One twist we’re seeing more often is older singles finding love a second time around. Although this brings great joy, their initial celebration is quickly tempered by the realization that two full homes – representing two full, long lives – must be inventoried, culled and combined into a third, brand-new, mutual life.
In fact, a woman approached me recently at a local senior center, and dramatically – à la Zsa Zsa Gabor – displayed her new wedding ring. She then proceeded to contemplate the work ahead of them in squeezing two lives into one home.
When older people remarry or find new life partners, there are many emotional side effects, particularly if one or both has been widowed. Adult children are often uneasy – if not horrified – that Mom or Dad could ever love someone else. There are financial issues, including estate planning and insurance/investment beneficiaries ... whose-kids-get-what? kind of questions.
And then there’s the decision of where to live. Will one spouse/partner move into the other’s existing home? Will they sell their respective homes and buy a fresh place where memories aren’t lurking in every corner, closet and cupboard?
It’s a spider’s web of decisions. Let’s admit it. It’s a joyful mess! And yet, it’s not wholly different from anyone’s downsizing or relocating. It’s just bigger.
Here are a few tips for combining two homes into one shared love nest:
First, regardless of whether the new couple will reside in one of the homes currently owned, or in an altogether different house, they must know and understand the layout of the shared home. What existing furniture will work in which rooms, or will new furniture make more sense, both practically and emotionally?
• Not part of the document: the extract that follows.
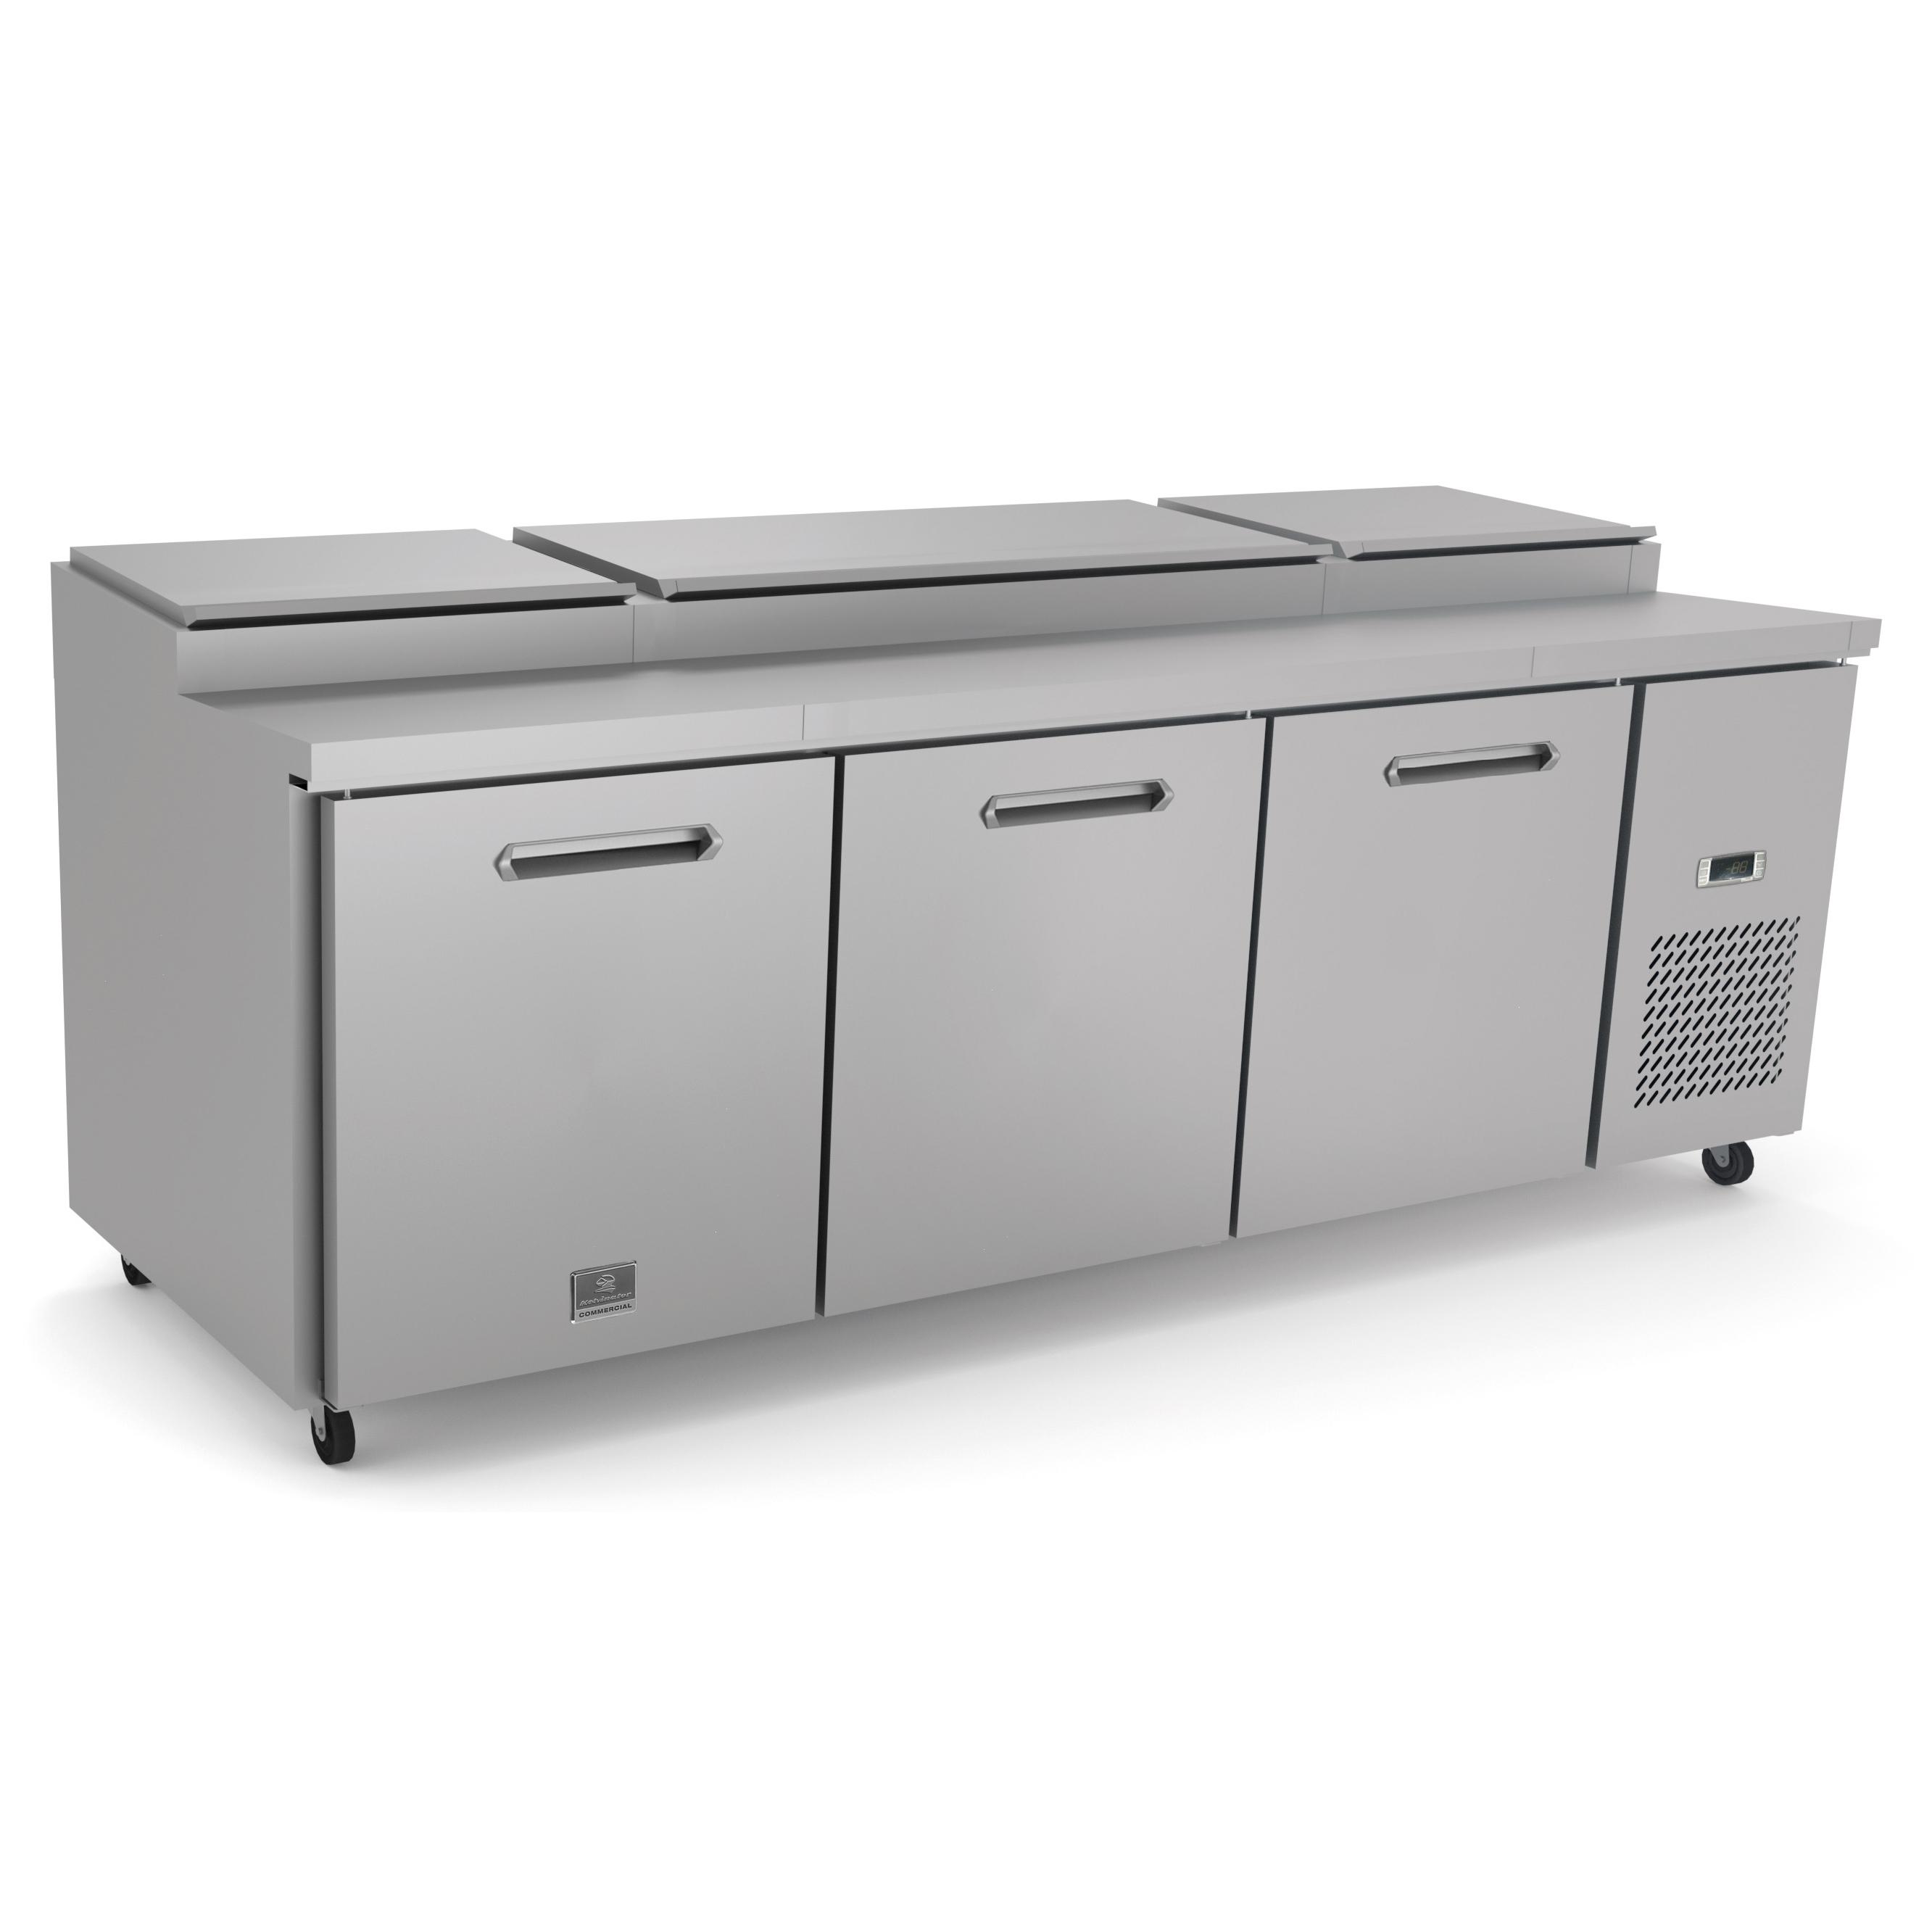 Kelvinator Commercial KCHPT92.12 refrigerated counter, pizza prep table

The furniture that doesn’t work or fit should get donated or sold as soon as possible. In cases like these, storage units are a waste of money.
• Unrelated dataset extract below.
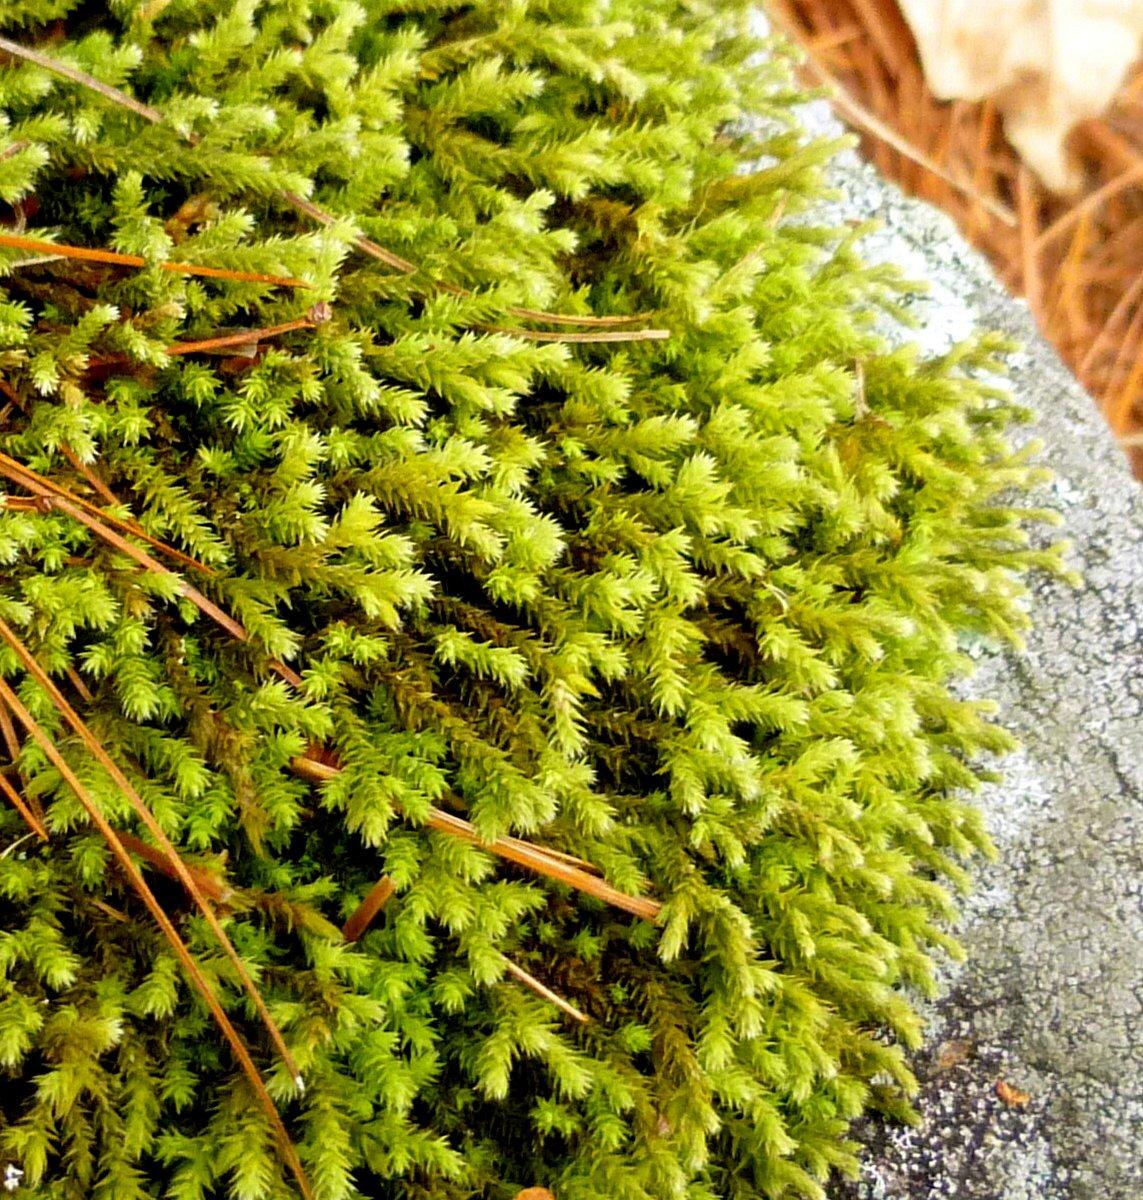 10. Hedwigia cillata Moss

Second, take a survey of all adult children and grandchildren on who may want certain items that you and/or your new partner are willing to part with. Get them to commit to removing the items from your separate homes as soon as possible.
Third, there will be two of most countertop appliances, power tools and gardening implements. Our advice is to choose the tools that are newer, have fewer miles on them and are likely to last longer. The others can be donated or sold.
Fourth, unless the chosen house has ample closet space, assume you will be sharing coat and clothing closets with your new spouse/partner. Donate those pieces of clothing you haven’t worn in a year, and are unlikely to wear in the coming year. Be diligent. It may take two or three passes on different days to achieve a good balance.
And lastly, the hard part. This involves culling and combining the artifacts of your lives – mementos, art, photographs, holiday decorations and other items that carry emotional significance. I’m not a couples counselor, but – having married for the first time well into adulthood – I know it’s important to recognize that your partner’s attachment to certain items is as strong and legitimate as your attachment to your stuff. But some items of less emotional significance can, and should, be gifted to a family member or friend, or be donated.
These tips are the very same recommendations we give to any senior who is downsizing to a smaller home or a senior living community. The difference is that in these situations there are two people – with distinct earlier lives and double the stuff – combining to make a new home together. That’s more complicated and requires more negotiations, so make sure to pack your patience.